Prévu pour être ratifié le 19 juin, le projet d'accord entre l'Iran et les États-Unis, bien que discuté, reste entouré d'incertitudes. Les éléments principaux ont été évoqués par les parties concernées, mais les détails ainsi que les modalités de mise en œuvre demeurent flous.
Mise en avant par le Pakistan., la nuit du 14 au 15 juin a marqué une étape décisive pour la paix. Le texte de l'accord, encore secret, incarne pourtant des éléments cruciaux, comme l'illustre une analyse du Financial Times.
Un cessez-le-feu global : utopie ou réalité ?
D'après le Premier ministre pakistanais Shehbaz Sharif, “les deux nations s'accordent sur un cessez-le-feu immédiat sur tous les fronts, y compris au Liban pour une durée de soixante jours”. Cependant, il subsiste des doutes quant à l'acceptation de cette condition par Israël.
Le Associated Press souligne que le ministre israélien de la Défense, Israël Katz, a affirmé que l'État hébreu maintiendrait ses forces en place, même alors que Donald Trump appelait à un halt des attaques israéliennes sur le territoire libanais.
Le détroit d’Ormuz : une réouverture imminente ?
Dans un tweet, Donald Trump a déclaré : “Je donne mon feu vert à la réouverture du détroit d’Ormuz sans frais de passage, concurrentiellement à la levée du blocus naval américain”. Il a indiqué que l'accord initial ouvrirait le passage, ce qui nécessite un délai pour des opérations de déminage, selon The Wall Street Journal.
Le débat sur le déminage prend de l'ampleur : l'Iran doit s'engager à ne pas imposer de péage durant la période de cessez-le-feu.
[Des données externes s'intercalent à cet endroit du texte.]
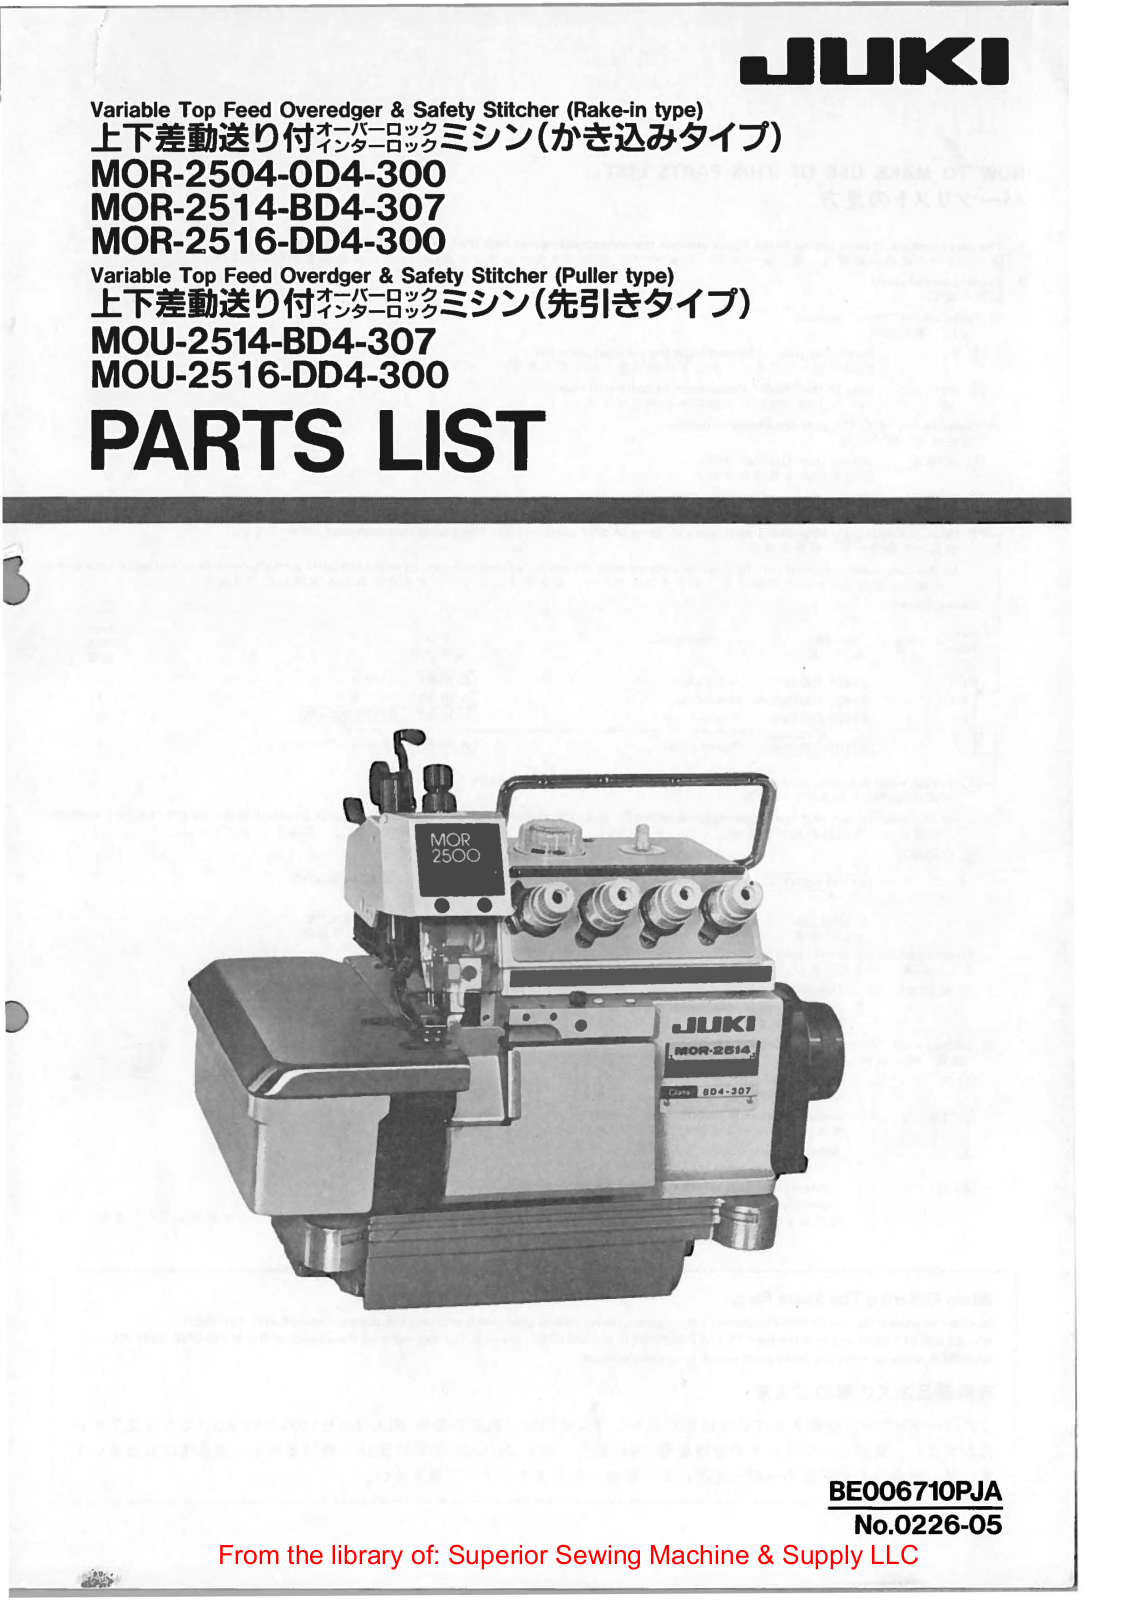 Juki MOR-2504-OD4-300, MOR-2514-BD4-307, MOR-2516-DD4-300, MOU-2514-BD4-307, MOU-2516-DD4-300 Manual

D'autres rapports, comme celui de Mehr, affirment que le détroit serait reouvert sous un mois, selon des “dispositions iraniennes”.
Enjeux nucléaires : quel avenir pour l'uranium iranien ?
Trump a révélé dans The Wall Street Journal que l'Iran accepterait de ne pas développer d'armes nucléaires, un engagement que Téhéran a déjà formellement pris dans le cadre du traité sur la non-prolifération nucléaire.
Des sources du Financial Times indiquent que la discussion se concentre sur le futur des 400 kilos d'uranium enrichi d'Iran. Un ministre iranien a préconisé une dilution sur place, sous le contrôle de l'Agence internationale de l'énergie atomique (AIEA).
De récentes informations, relayées par CNN, mettent en lumière la difficulté d'accès à cet uranium, notamment en raison de sécurisations renforcées.
Levée des sanctions : un processus complexe
“Les États-Unis autoriseront l'Iran à vendre du pétrole pendant soixante jours de cessez-le-feu”, une dérogation bienvenue, comme l'indiquerait le Financial Times. Néanmoins, la levée des sanctions, basées sur les progrès des négociations, est une autre histoire.
Bloomberg avait aussi rapporté que l'Iran a proposé diverses versions de l'accord impliquant des dispositions financières. Selon l'agence Mehr, le protocole prévoit la libération de 24 milliards de dollars d'avoirs iraniens.
Les interrogations demeurent, particulièrement concernant la situation des missiles balistiques iraniens. “Un grand point d'interrogation concerne le sort de ces armements et leurs ramifications dans la région”, précise Al-Jazeera.
Les éléments se clarifient peu à peu, mais chaque partie semble faire des concessions, ce qui pourrait redéfinir le paysage géopolitique dans les mois à venir.